One of Steph's nests did contain a second queen, unrelated to the rest of the occupants. She had not laid any eggs, or if she had they had been eaten by the nest's residents. It is possible that she had attempted to usurp the nest earlier in the year, but had failed and then stayed on in the nest as a subordinate queen – rather as several mated females live together among paper wasps. Alternatively she may have arrived recently and been biding her time, in the hope of getting the chance to lay some eggs, or perhaps even attack and kill the resident queen, at some point in the future. Whatever the truth, studies such as Steph's are revealing that the lives of bumblebees are neither as simple nor as regimented as was once supposed. Nests do not just contain a queen and her offspring, but may be a mix of multiple queens, workers from a range of nests, sons and grandsons of the queen and adoptee sons foisted on the nest by sneaky workers.

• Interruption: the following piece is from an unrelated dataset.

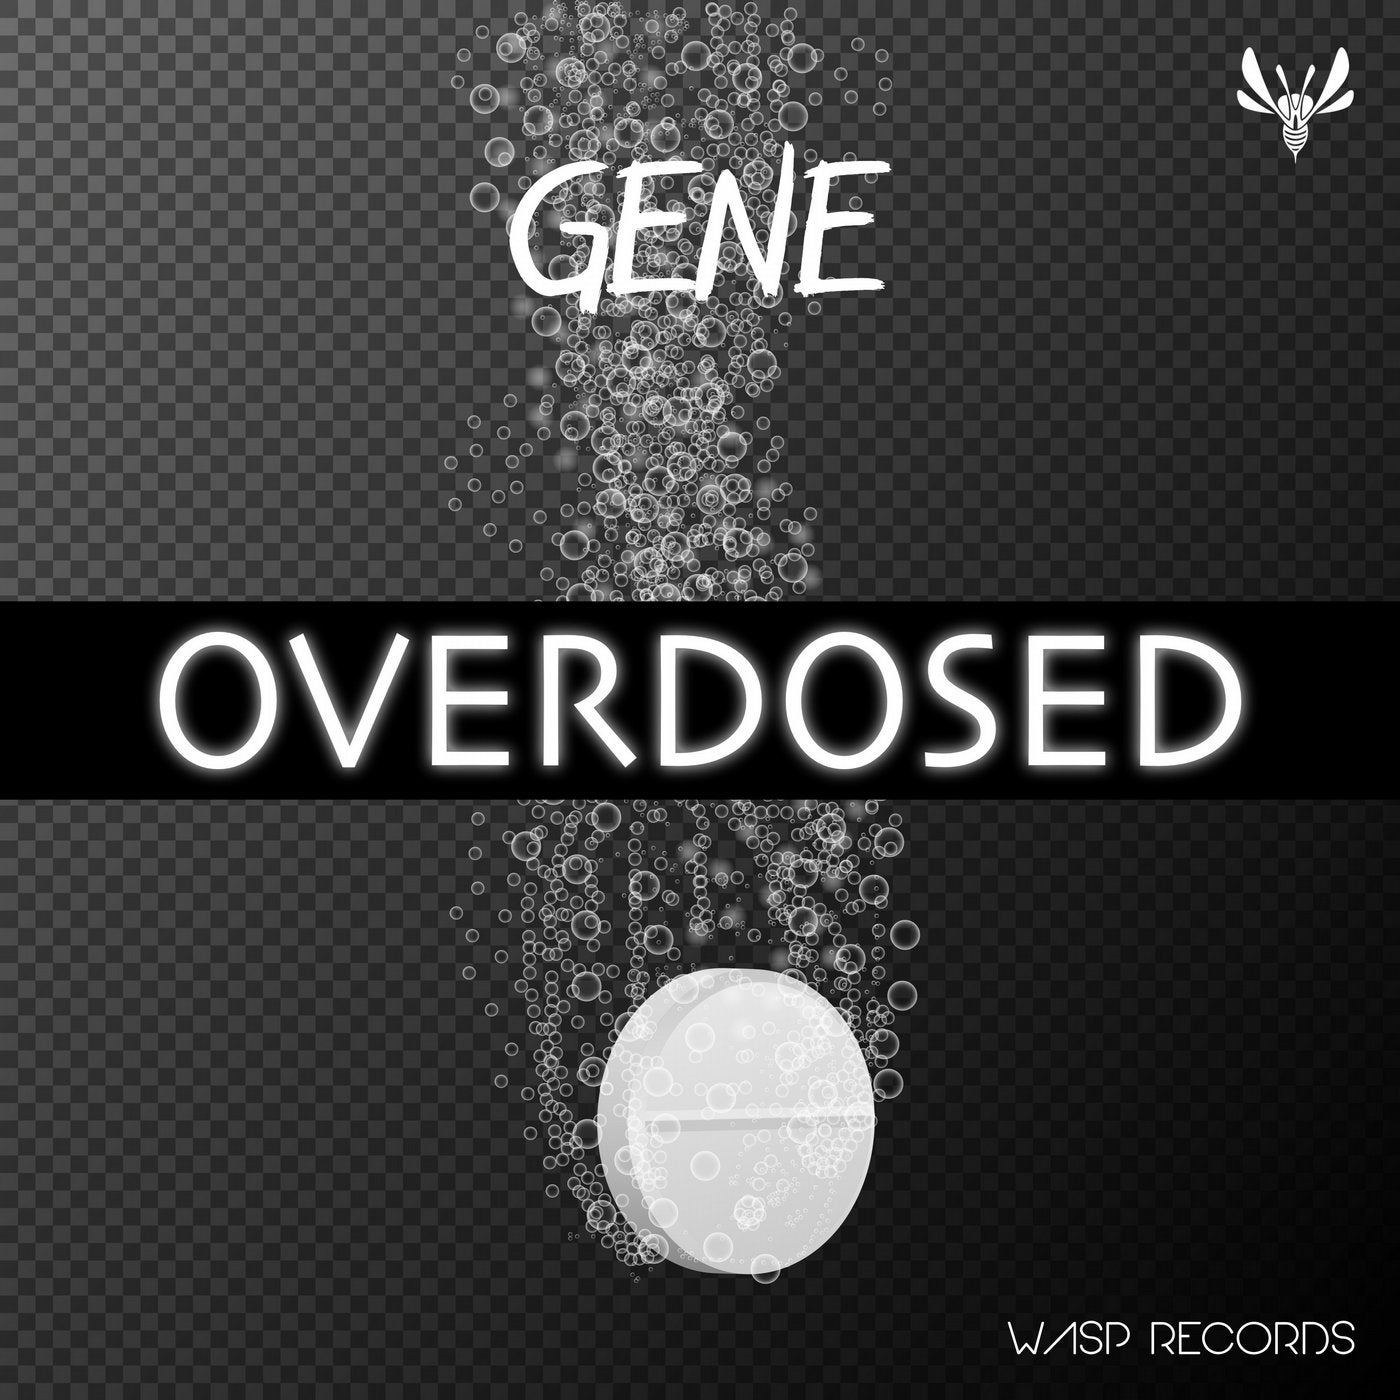 Overdosed

Social insects have sometimes been held up as examples of ideal, altruistic societies, where all struggle selflessly for the common good. Luminaries as diverse as Aristotle, Virgil and Shakespeare extolled their virtues; Socrates even went so far as to suggest that the most virtuous humans might hope to be reincarnated as ants or bees. In reality, bee, ant and wasp societies are far more interesting than the utopian ideals for which they were mistaken. Ruthless power struggles that would put the Borgias to shame are commonplace, with murder and even cannibalism being frequent. There is little here that we might wish to emulate, yet there is still a huge amount that we might learn from studying these wonderful, fascinating creatures.

CHAPTER EIGHT

The Mating Habits of the Death-Watch Beetle

25
July
2010
. Run:
39
mins
19
secs. Bit slow today, slight calf strain. I now creep quietly past the spaniel's house. People: none. Dogs:
2
. Butterfly species:
21
. There was a young fox on the drive; it obviously hadn't seen a runner before – its curiosity got the better of it, and it let me get very close. I also spotted a purple emperor butterfly sitting in a sunspot on the ground in the oak woods near L'Âge Marenche. What a beauty, its wings flashing in the sunlight; how I would have liked to add one of those to my collection when I was a boy! Optimistically I used to try the time-honoured method of placing a rotting rat on woodland rides – this was supposed to attract them to feed on the exuding juices – but it never worked, perhaps because the nearest population was
100
miles away from Shropshire, where I lived at the time.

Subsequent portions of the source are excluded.